WHAT THE TASK REQUIRES: Would you return the listing exactly as written, apart from its pictures?

AVAILABLE DATA:
★ ★ ★ ★ ★ ★ ★
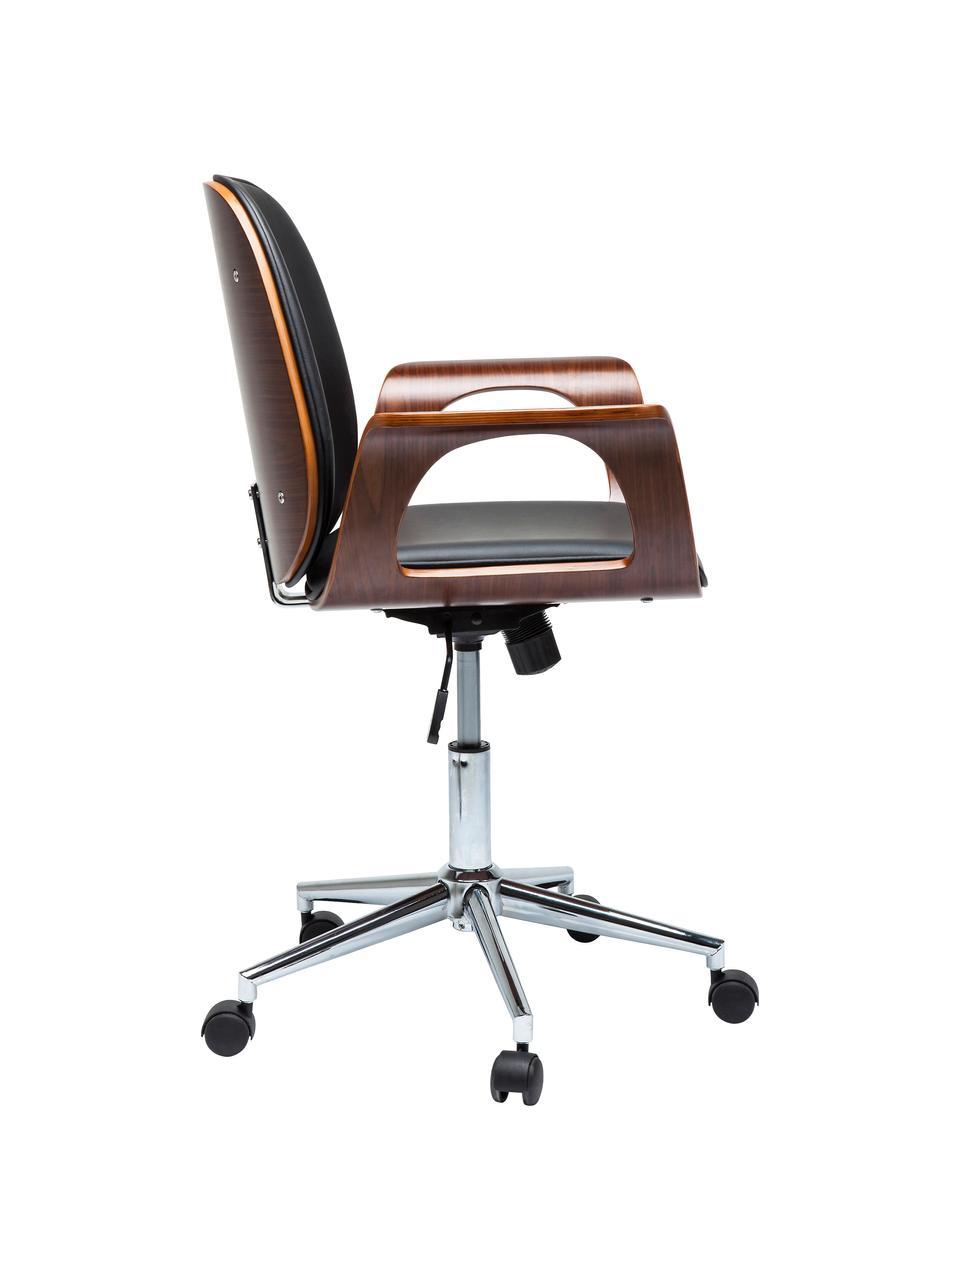 Krzesło biurowe ze sztucznej skóry Patron, obrotowe, Tapicerka: poliuretan, Nogi: metal malowany proszkowo, Brązowy, czarny, S 67 x G 56 cm
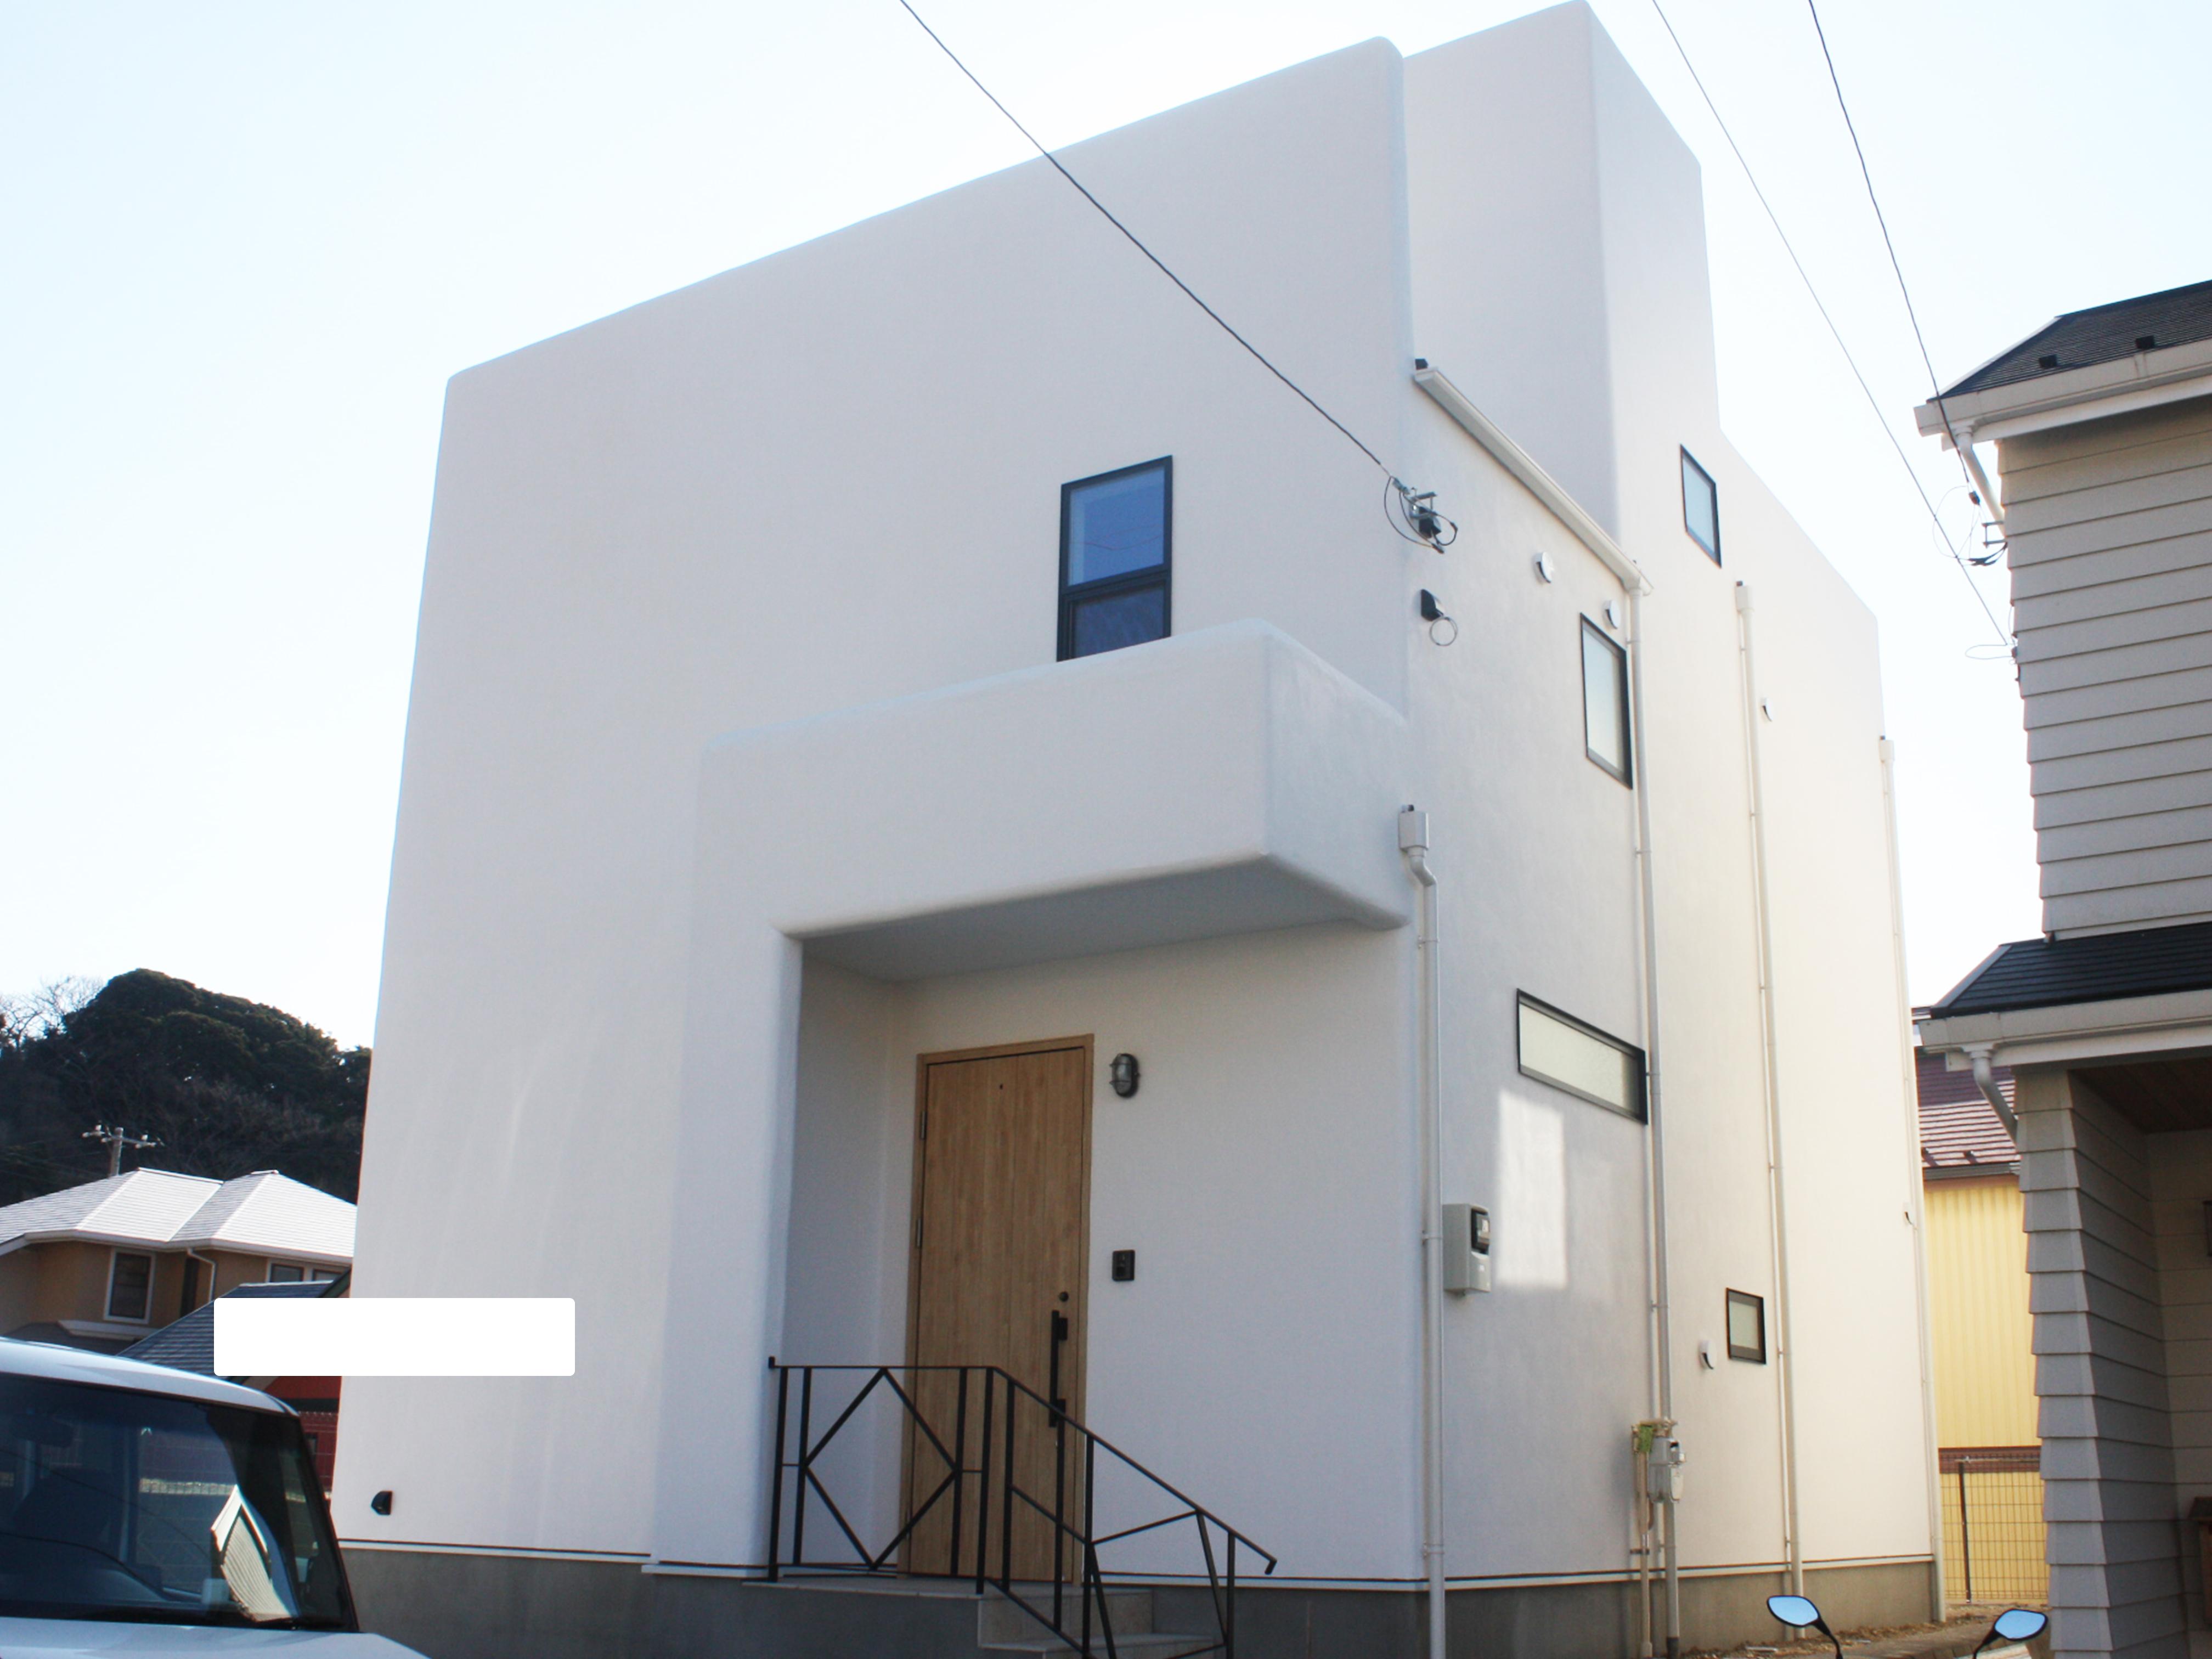 横須賀市野比 海の見える家 〜犬が走るよどこまでも オーナー Y 様の声
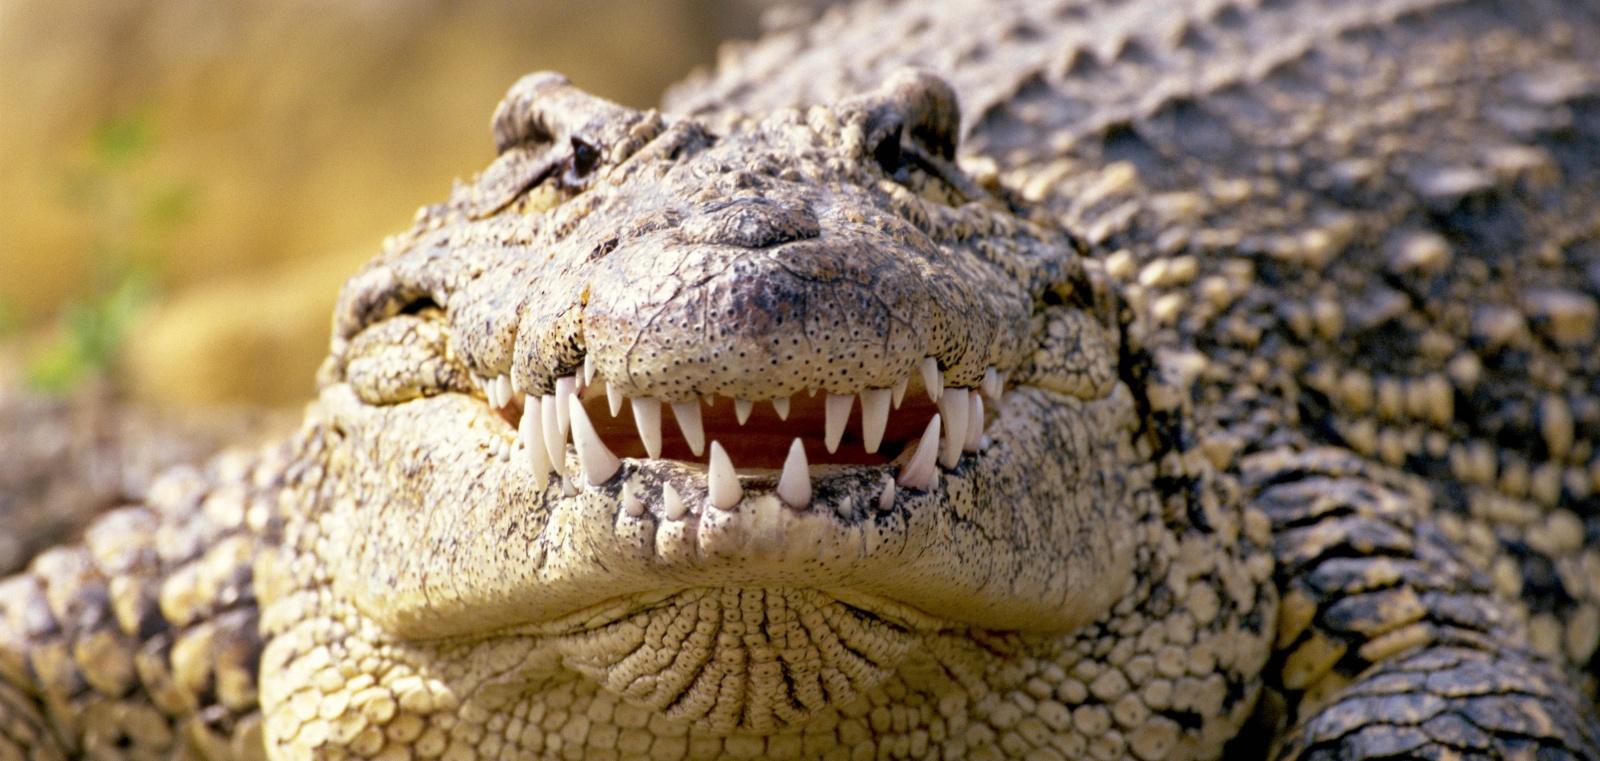 Зубная фея тут не работает: структура эмали зубов крокодилов и их доисторических предков - 1
★ ★ ★ ★ ★ ★ ★
WRITTEN SOLUTION:
 Krzesło biurowe ze sztucznej skóry Patron, obrotowe, Tapicerka: poliuretan, Nogi: metal malowany proszkowo, Brązowy, czarny, S 67 x G 56 cm
 横須賀市野比 海の見える家 〜犬が走るよどこまでも オーナー Y 様の声
 Зубная фея тут не работает: структура эмали зубов крокодилов и их доисторических предков - 1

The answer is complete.